Output all of the data exactly as it appears, but leave out any pictures it contains.

> EXERCISE DATA:
= Beginning of Section =

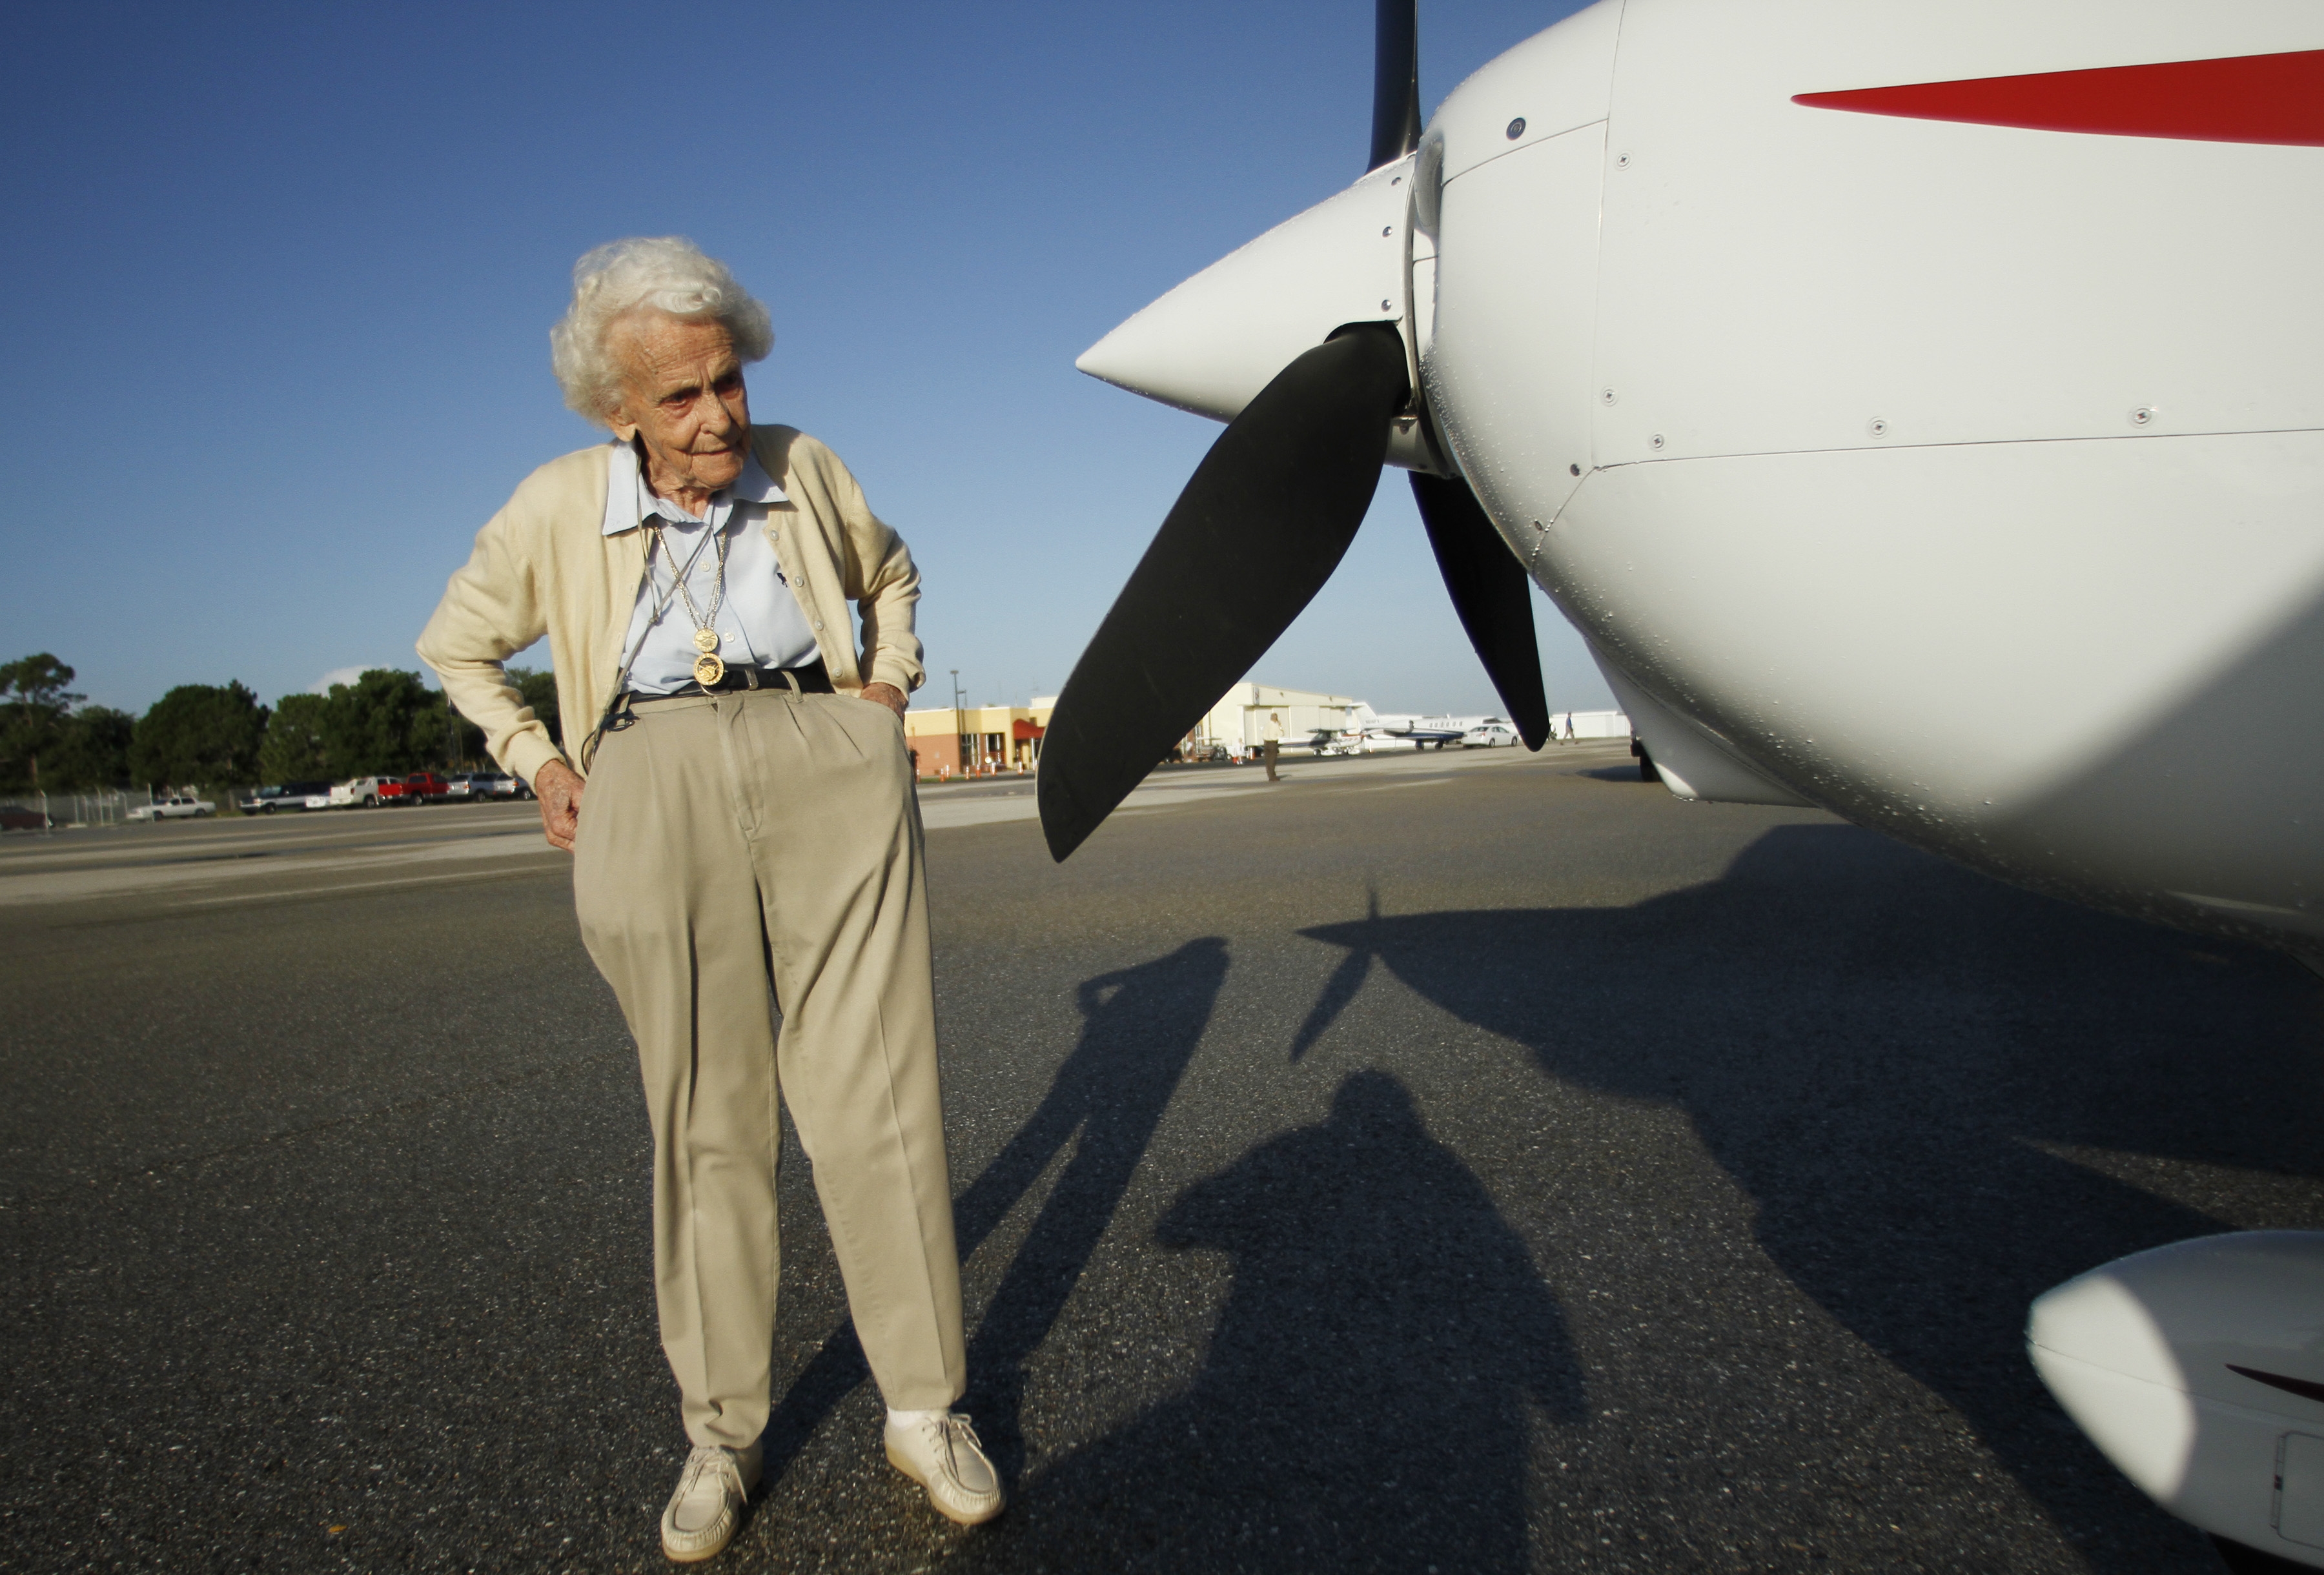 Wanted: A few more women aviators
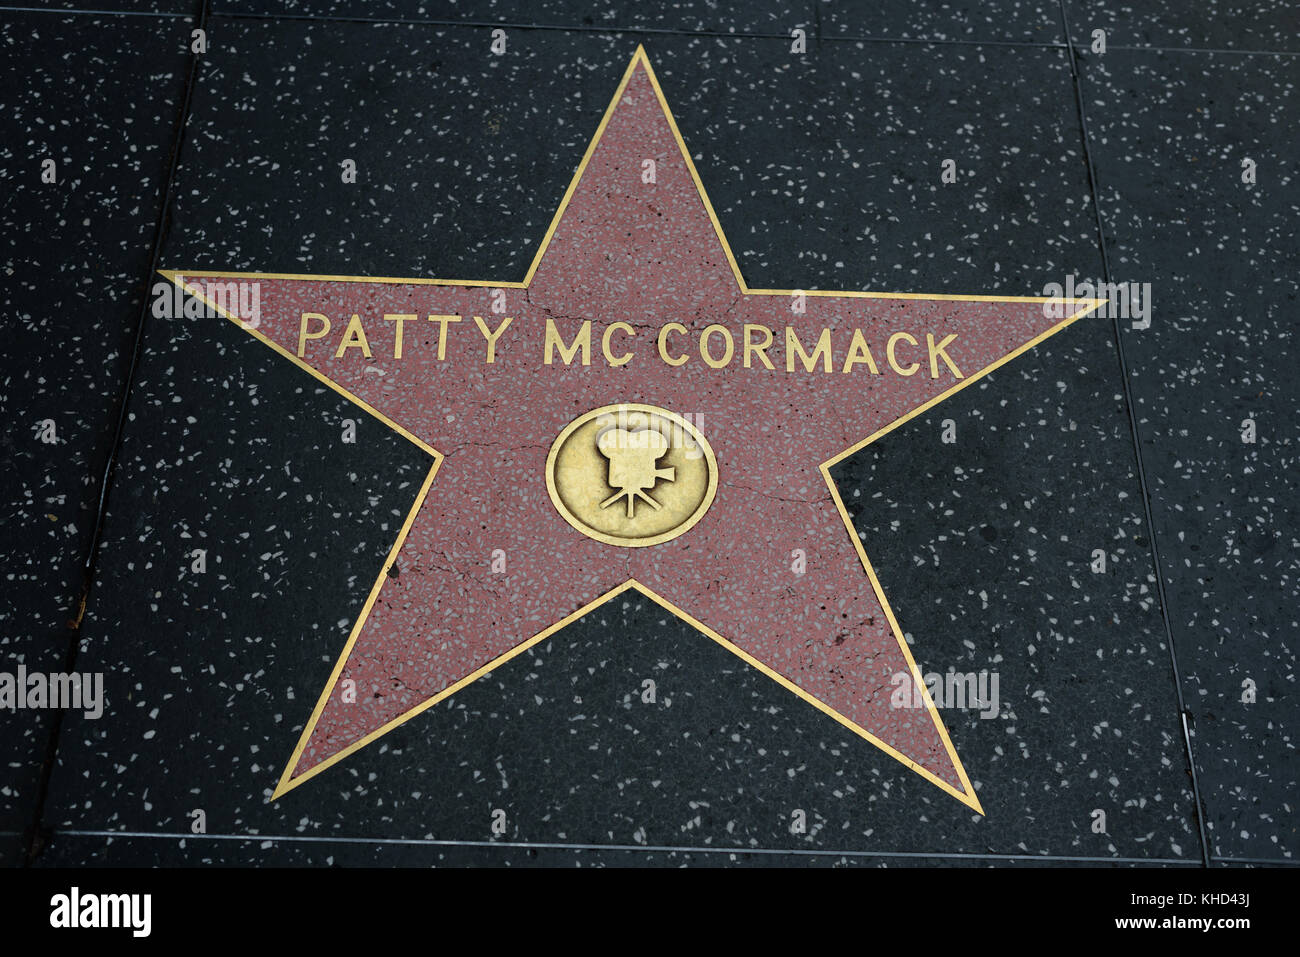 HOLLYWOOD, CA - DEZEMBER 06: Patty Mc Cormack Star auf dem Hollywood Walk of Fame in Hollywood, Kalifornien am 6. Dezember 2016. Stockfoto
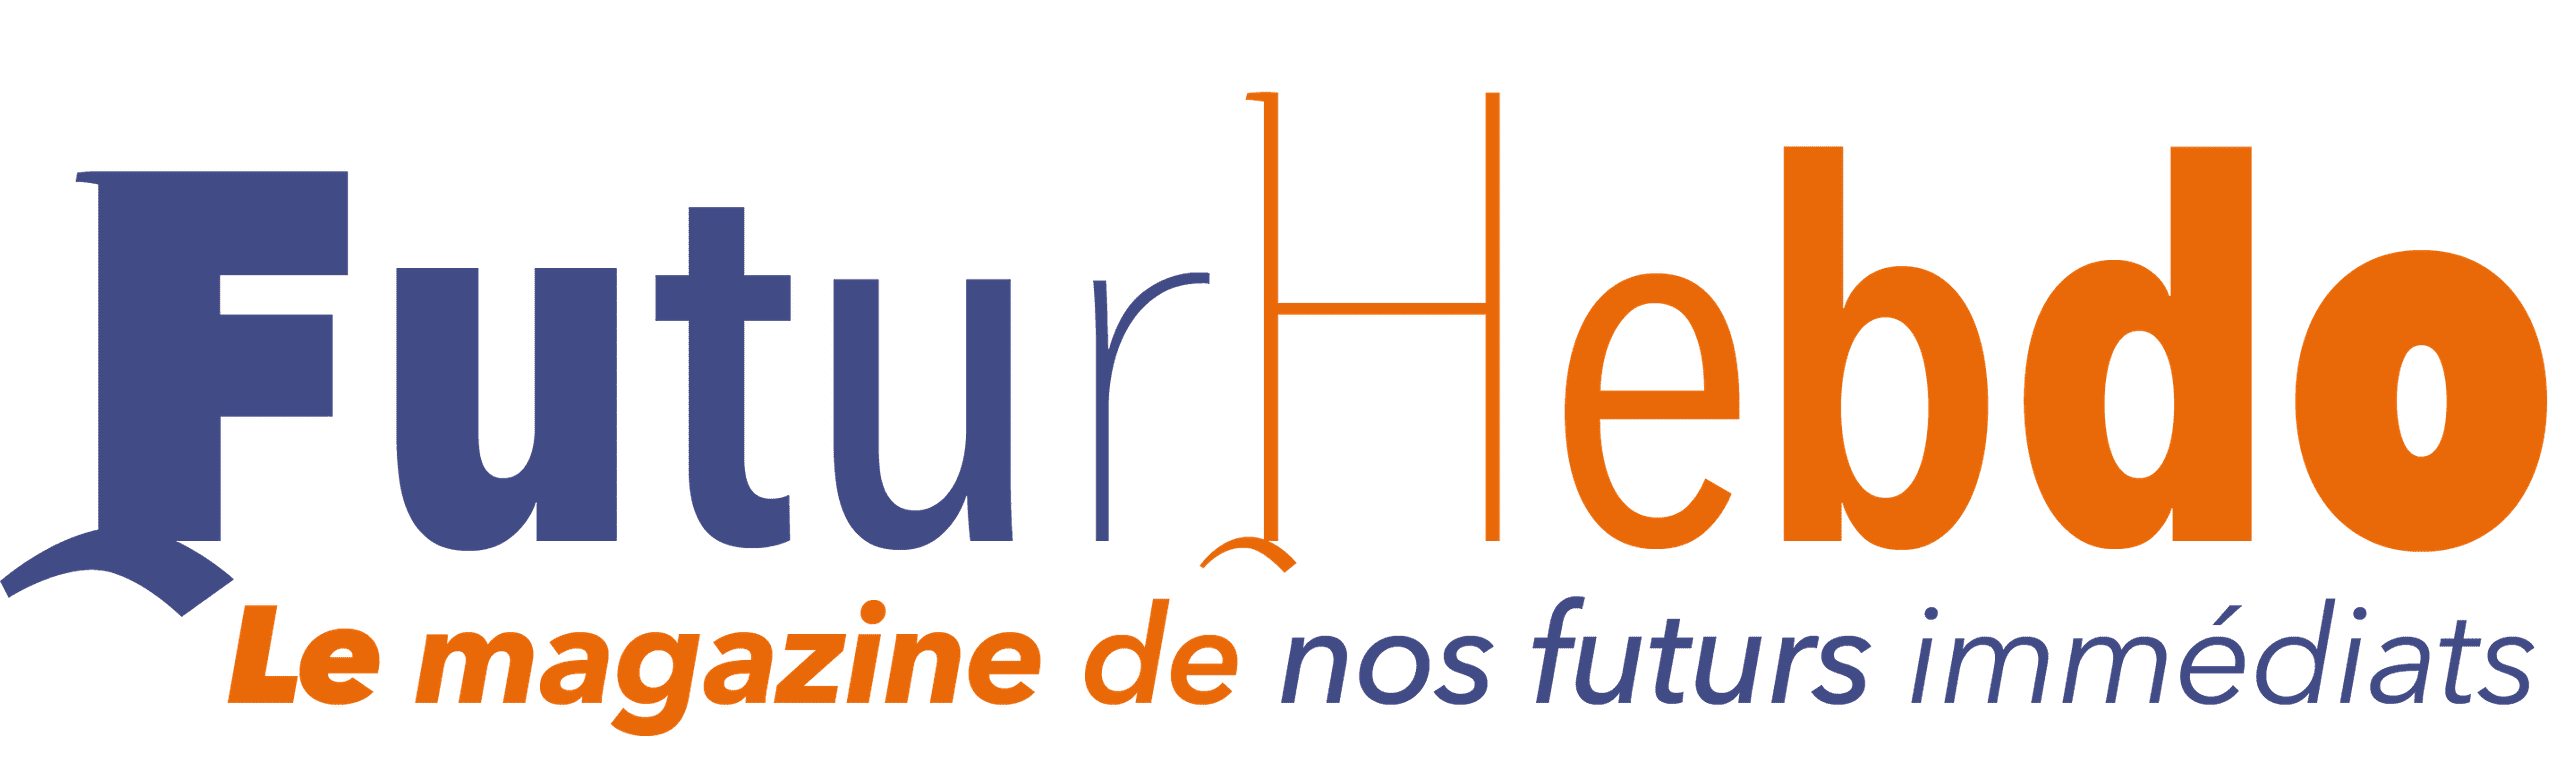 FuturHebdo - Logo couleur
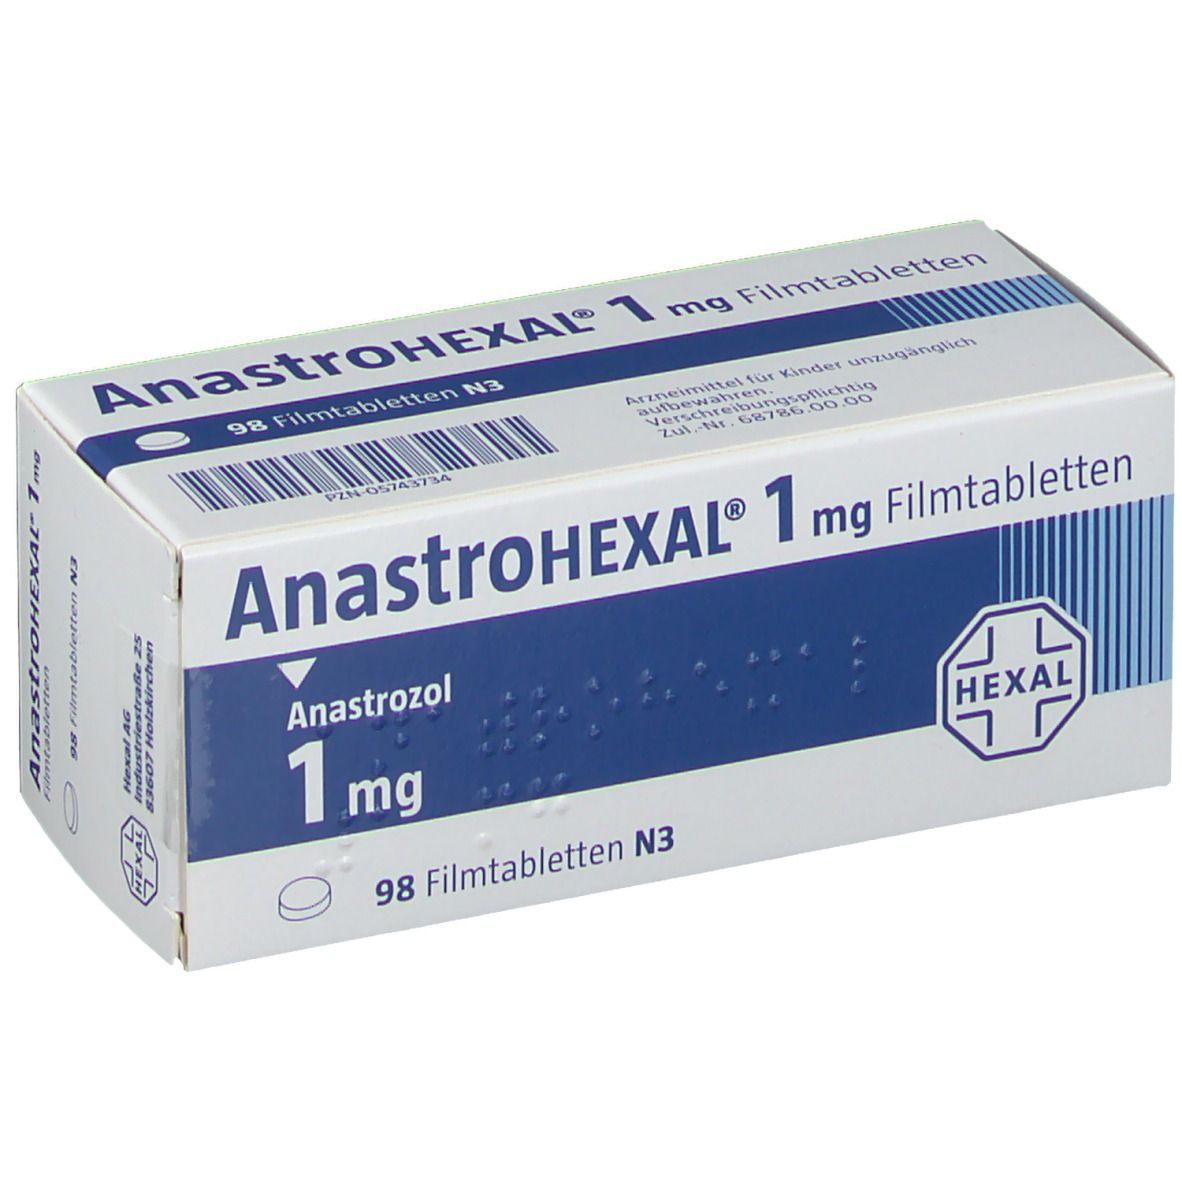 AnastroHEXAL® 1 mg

= End of Section =

> ANSWER TO THIS PROBLEM:
 Wanted: A few more women aviators
 HOLLYWOOD, CA - DEZEMBER 06: Patty Mc Cormack Star auf dem Hollywood Walk of Fame in Hollywood, Kalifornien am 6. Dezember 2016. Stockfoto
 FuturHebdo - Logo couleur
 AnastroHEXAL® 1 mg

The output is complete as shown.